The demonstration at Seneca Lake earlier this month. Many protesters cheered when sheriff’s vans arrived. Credit Monica Lopossay for The New York Times

But the issues are not so clear cut. The protests aimed at natural gas pipelines, for example, may conflict with policies intended to fight climate change and pollution by reducing reliance on dirtier fossil fuels.

“The irony is this,” said Phil West, a spokesman for Spectra Energy, whose pipeline projects, including those in New York State, have come under attack. “The shift to additional natural gas use is a key contributor to helping the U.S. reduce energy-related emissions and improve air quality.”

Those who oppose natural gas pipelines say the science is on their side.

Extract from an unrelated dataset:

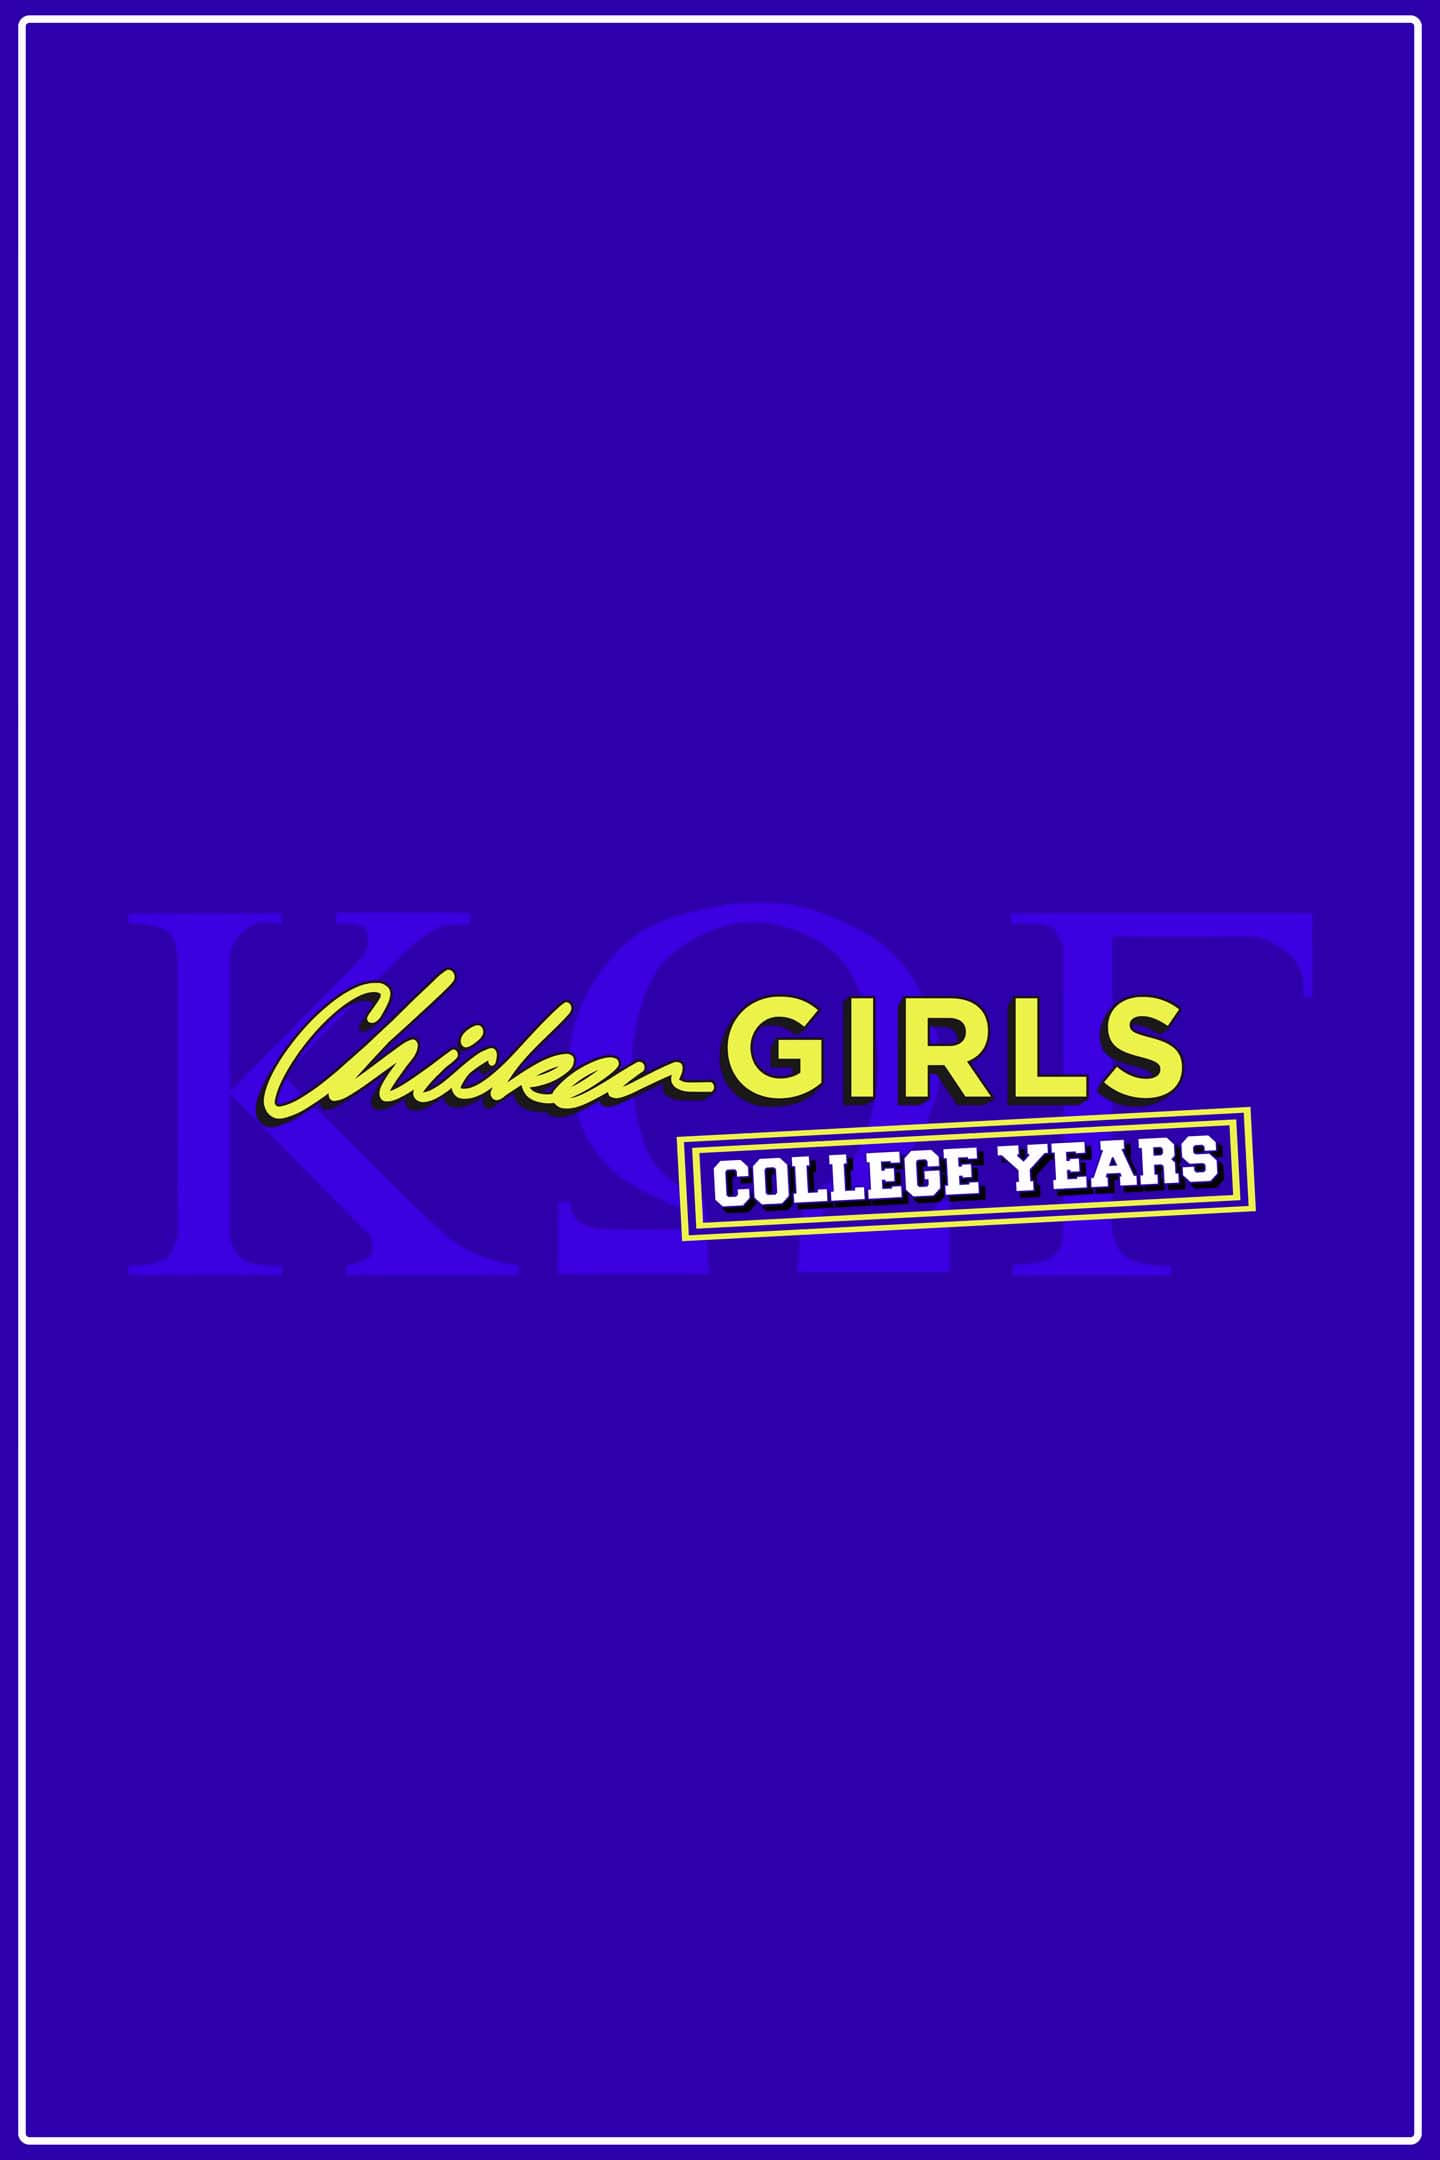 Chicken Girls: The College Years

They note that methane, the chief component of natural gas, is a powerful greenhouse gas in the short term, with more than 80 times the effect of carbon dioxide in its first 20 years in the atmosphere.

The Obama administration is issuing regulations to reduce leaks, but environmental opposition to fracking, and events like the huge methane plume released at a storage facility in the Porter Ranch neighborhood near Los Angeles, have helped embolden the movement.

Once new natural gas pipelines and plants are in place, opponents argue, they will operate for decades, blocking the shift to solar and wind power.

“It’s not a bridge to renewable energy — it’s a competitor,” said Patrick Robbins, co-director of the Sane Energy Project, which protests pipeline development and is based in New York.

Such logic does not convince Michael A. Levi, an energy expert at the Council on Foreign Relations.

“Saying no to gas doesn’t miraculously lead to the substitution of wind and solar — it may lead to the continued operation of coal-fired plants,” he said, noting that when the price of natural gas is not competitive, owners take the plants, which are relatively cheap to build, out of service.

“There is enormous uncertainty about how quickly you can build out renewable energy systems, about what the cost will be and what the consequences will be for the electricity network,” Mr. Levi said.

Even some who believe that natural gas has a continuing role to play say that not every gas project makes sense.

N. Jonathan Peress, an expert on electricity and natural gas markets at the Environmental Defense Fund, said that while companies push to add capacity, the long-term need might not materialize.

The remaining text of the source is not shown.